Hi dpryan Thanks for the reply. The output is from cuffdiff, the gene_exp.diff file. I put the same question on seqanswers http://seqanswers.com/forums/showthread.php?t=33733&highlight=Lizex . Cufflinks editors did respond at all to the question I send them. From the entire experiment i.e. five time points (control and treatment) I got 3645 significant transcripts (yes in gene_exp.diff file). From these only 34 i.e. 0.9% have an expression value. I agree with you that there will be genes and transcripts with no expression but to see so 0.9% of transcripts with an expression value from an entire experiment, is that normal. How do I address this situation where I have 0 expression in one group and expression in another group?
That does sound a bit off.
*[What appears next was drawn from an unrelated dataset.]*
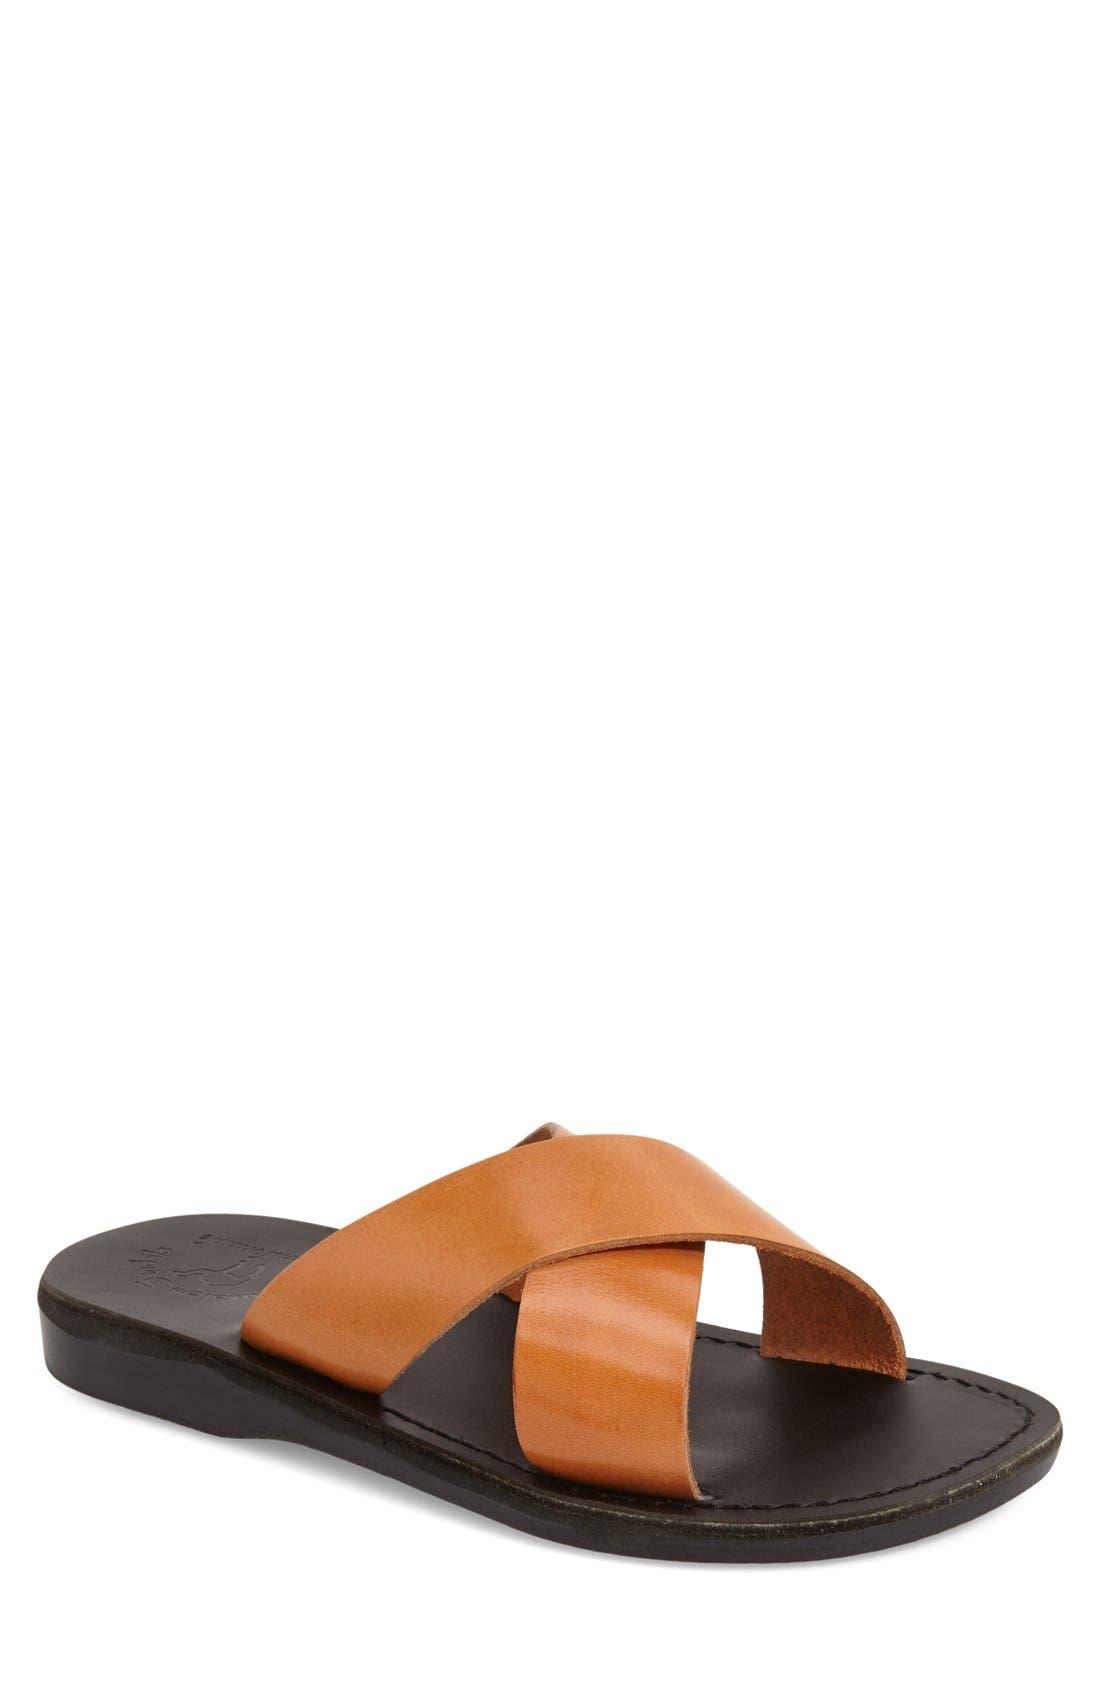 'Elan' Slide Sandal,                         Main,                         color, TAN LEATHER/ BLACK

I actually wonder if some of your libraries are just crap (it happens). It'd be helpful to know the actual nature of the experiment, as 3645 DE genes could either be a reasonable number or way too many. Also, you might open your BAM files in IGV or another browser and just see if these calls seem reasonable given the data you have.
Thanks I'll look into these.
If you are looking for why you are getting those values I can't help but I can explain you what does "nan" and "inf" mean? inf - infinite and you will only see it in the column representing fold change. If the denominator sample has zero expression for the gene then the fold change will be inf. nan- "not a number" tag will appear in test statistics column because the test statistics was either infinity or -infinity or something that was not a number. i dont know how they calculate the test statistics and what are the possible values for it.
EDITED -to make it more clear
Thanks for the reply.
There were a few typos so i edited it. Nth substantial.